Contextual Emotion Recognition with LLaVA

This repository contains the checkpoints of fine-tuned LLaVA for the contextual emotion recognition task as described in our paper. For more information about LLaVA, visit LLaVA Official Website.

Fine-tuning

We finetuned LLaVA on the contextual emotion recognition task using the EMOTIC EMOTIC Dataset datasets:

EMOTIC Train Set:
- Precision: 54.27
- F1 Score: 22.73
EMOTIC Validation Set with Augmentation:
- F1 Score: 36.83
- Precision: 38.71

We provided the LoRA weights for our fine-tuned models. The base model used for fine-tuning is llava-v1.5-13b which is available on the Hugging Face Model Hub.
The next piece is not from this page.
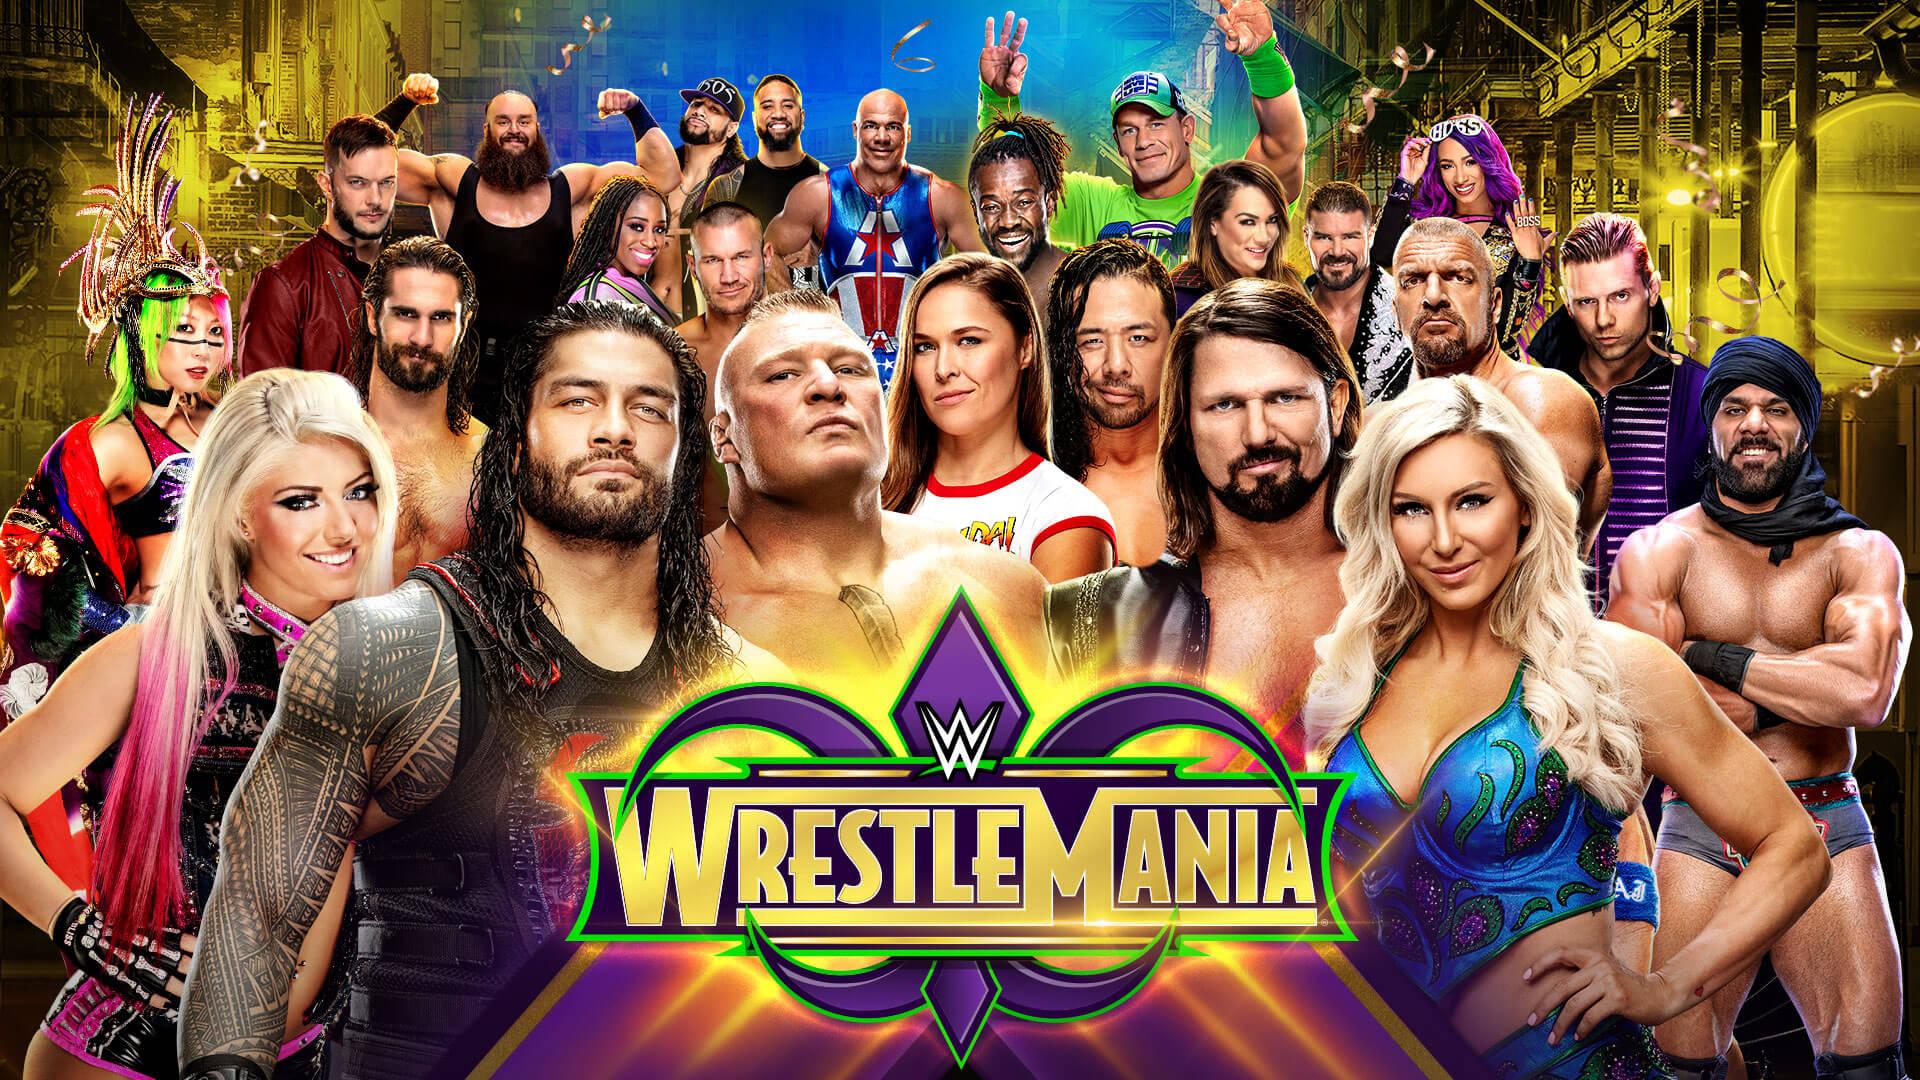 Check Out WrestleMania 34 Results

You can find the model here.

Usage

To perform contextual emotion recognition using our fine-tuned model, follow these steps:

Prepare your input:
- An image with a bounding box of the target individual.
- Text prompt: From suffering, pain, aversion, disapproval, anger, fear, annoyance, fatigue, disquietment, doubt/confusion, embarrassment, disconnection, affection, confidence, engagement, happiness, peace, pleasure, esteem, excitement, anticipation, yearning, sensitivity, surprise, sadness, and sympathy, pick the top labels that the person in the red bounding box is feeling at the same time.
Run LLaVA using our provided LoRA weights and the base model.
Receive the output which includes the emotion labels that the target individual is feeling.